I have results of reads aligner of metagenomic NGS sample versus small database of genes (I aligned the sample reads versus the small DB) . I want to convert the read aligner results into abundance score for each one of the genes in the database.

I saw that in a few articles they decided that the number of reads that were align for this gene is the abundance score but it sound to simple. Anybody has another idea of how to calculate this measurement?

Thanks

Hi,

I think that the abundance for each read can be a part of the score counting the number of reads. Then, the alignment quality can be considered, and with this designed an adjusted score. Because align read is good, but the quality of this alignment must be taken in account.

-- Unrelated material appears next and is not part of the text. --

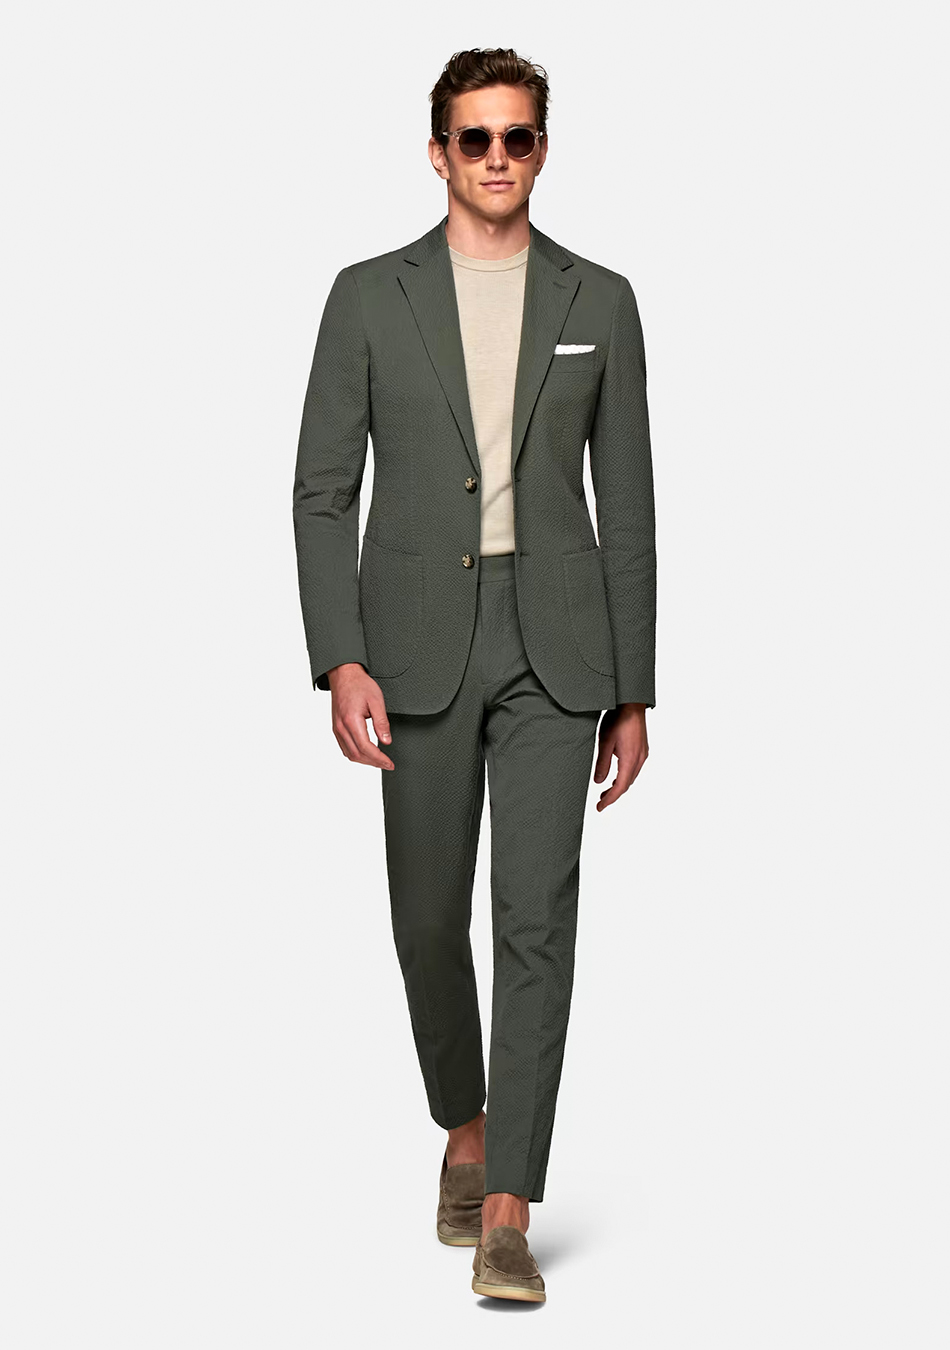 Olive green suit, beige t-shirt, and brown loafers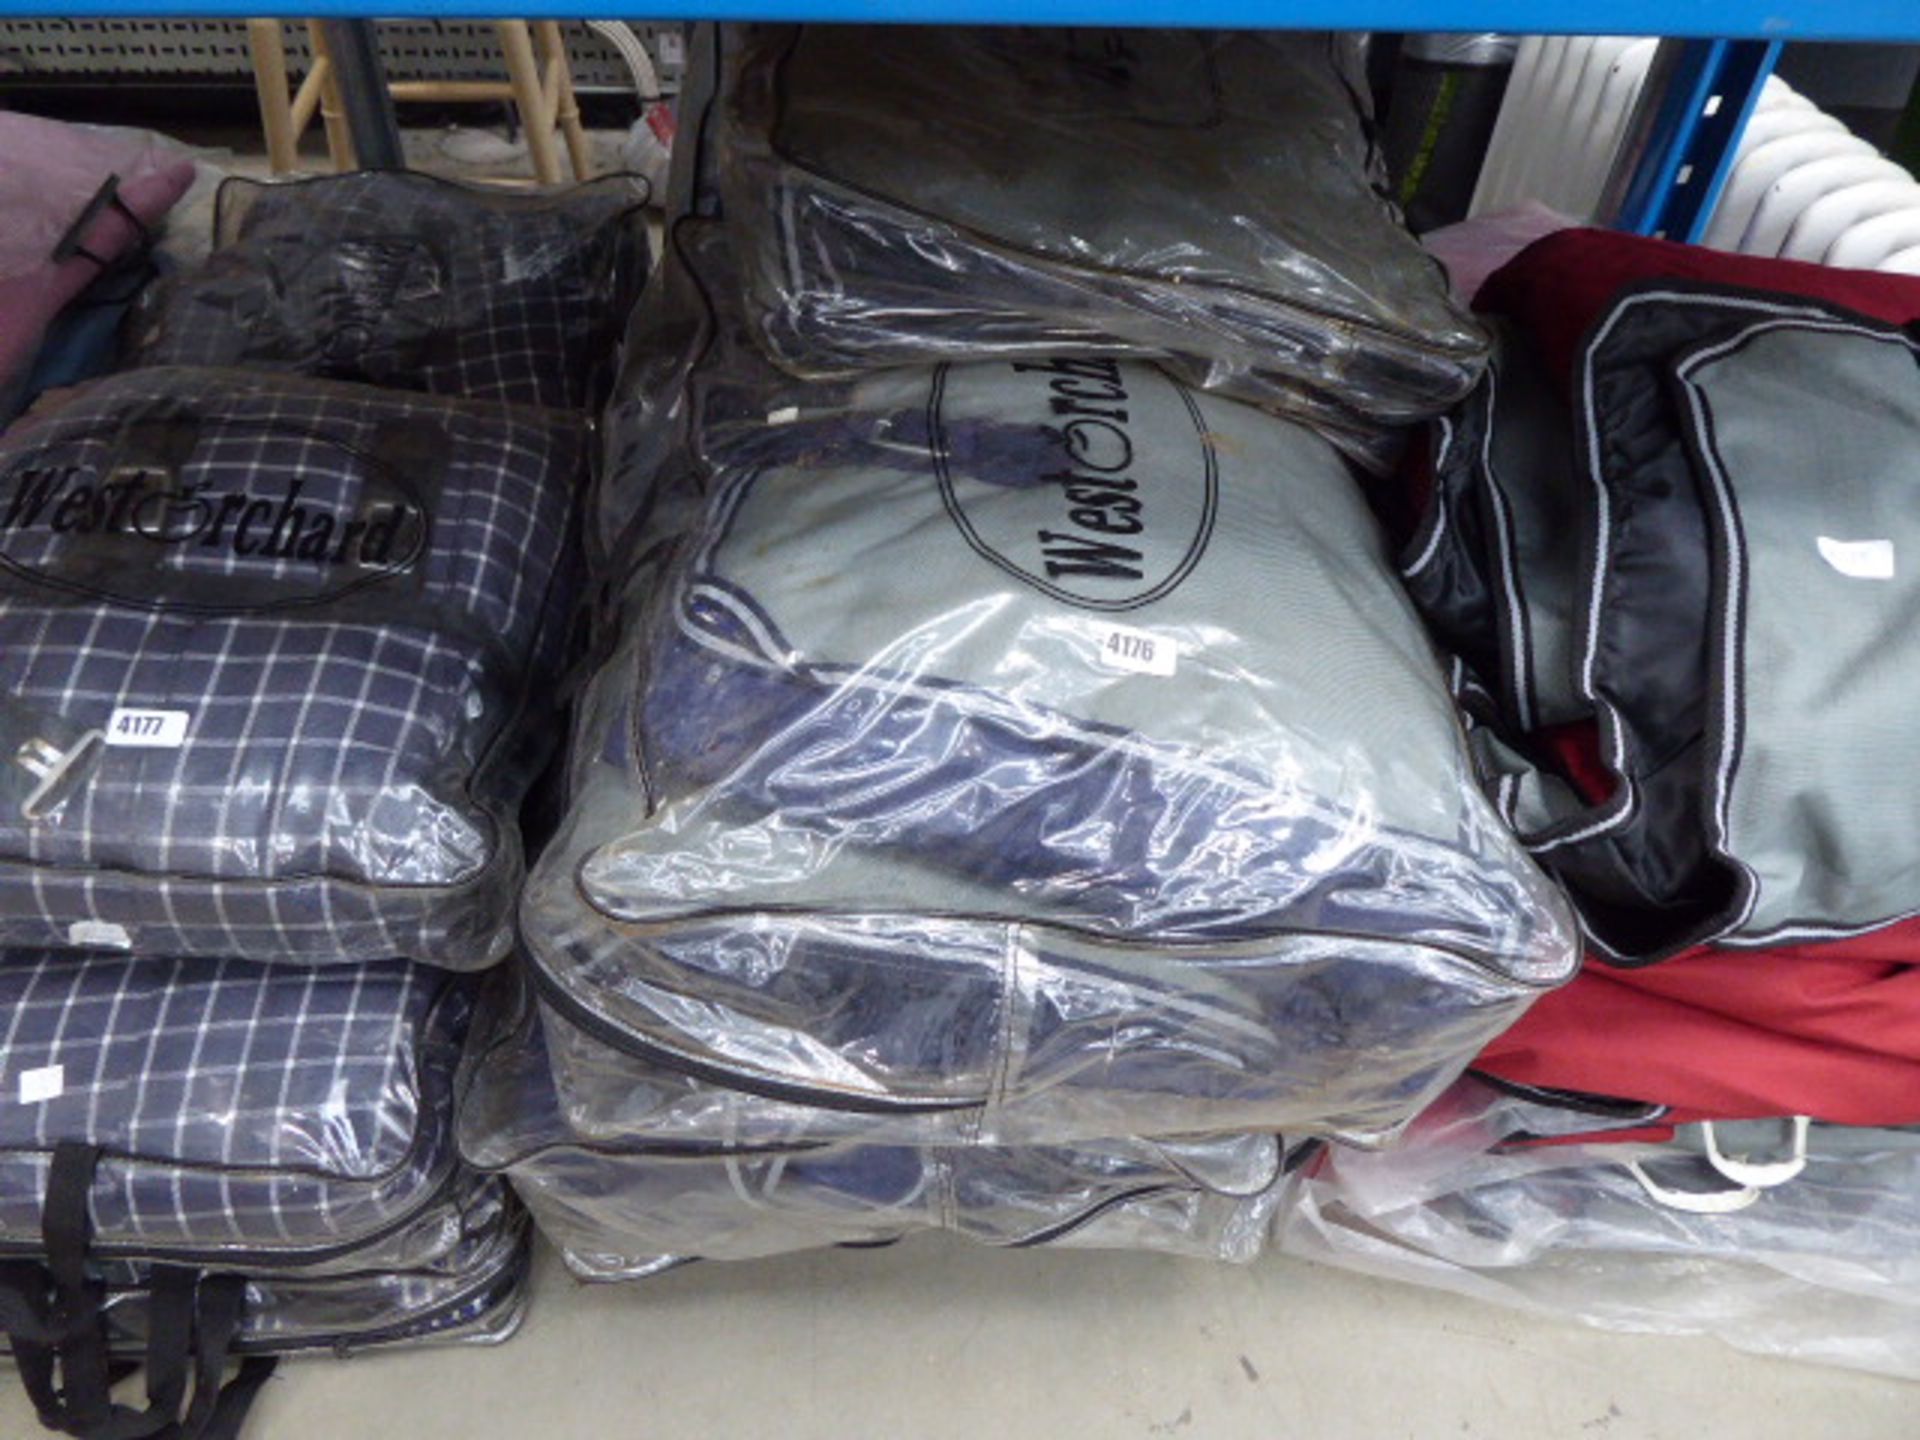 7 large grey and blue bagged horse blankets

I work with metagenomics from gene of 16S, and I am doing it. Counting the reads, and see the alignment score to normalize and ponder ate data.

But we need to find the description in articles that you mentioned, or contact them to understand how they are doing. ;)

One thing you could try is the species abundance tools included in RTG Core. While this has been designed for processing the alignments of metagenomic NGS data to a species reference database, people have been using it successfully for gene expression datasets. One of the advantages over read-counting approaches is that it takes ambiguity into account (alignments to ambiguous regions are less informative than alignments to unambiguous regions), and it also supports a taxonomy, so you could potentially obtain abundance measures for gene families. The abundance scores computed by the species command are represented both as a fraction of the DNA in the sample and as a fraction of individuals (genes). Hope this helps.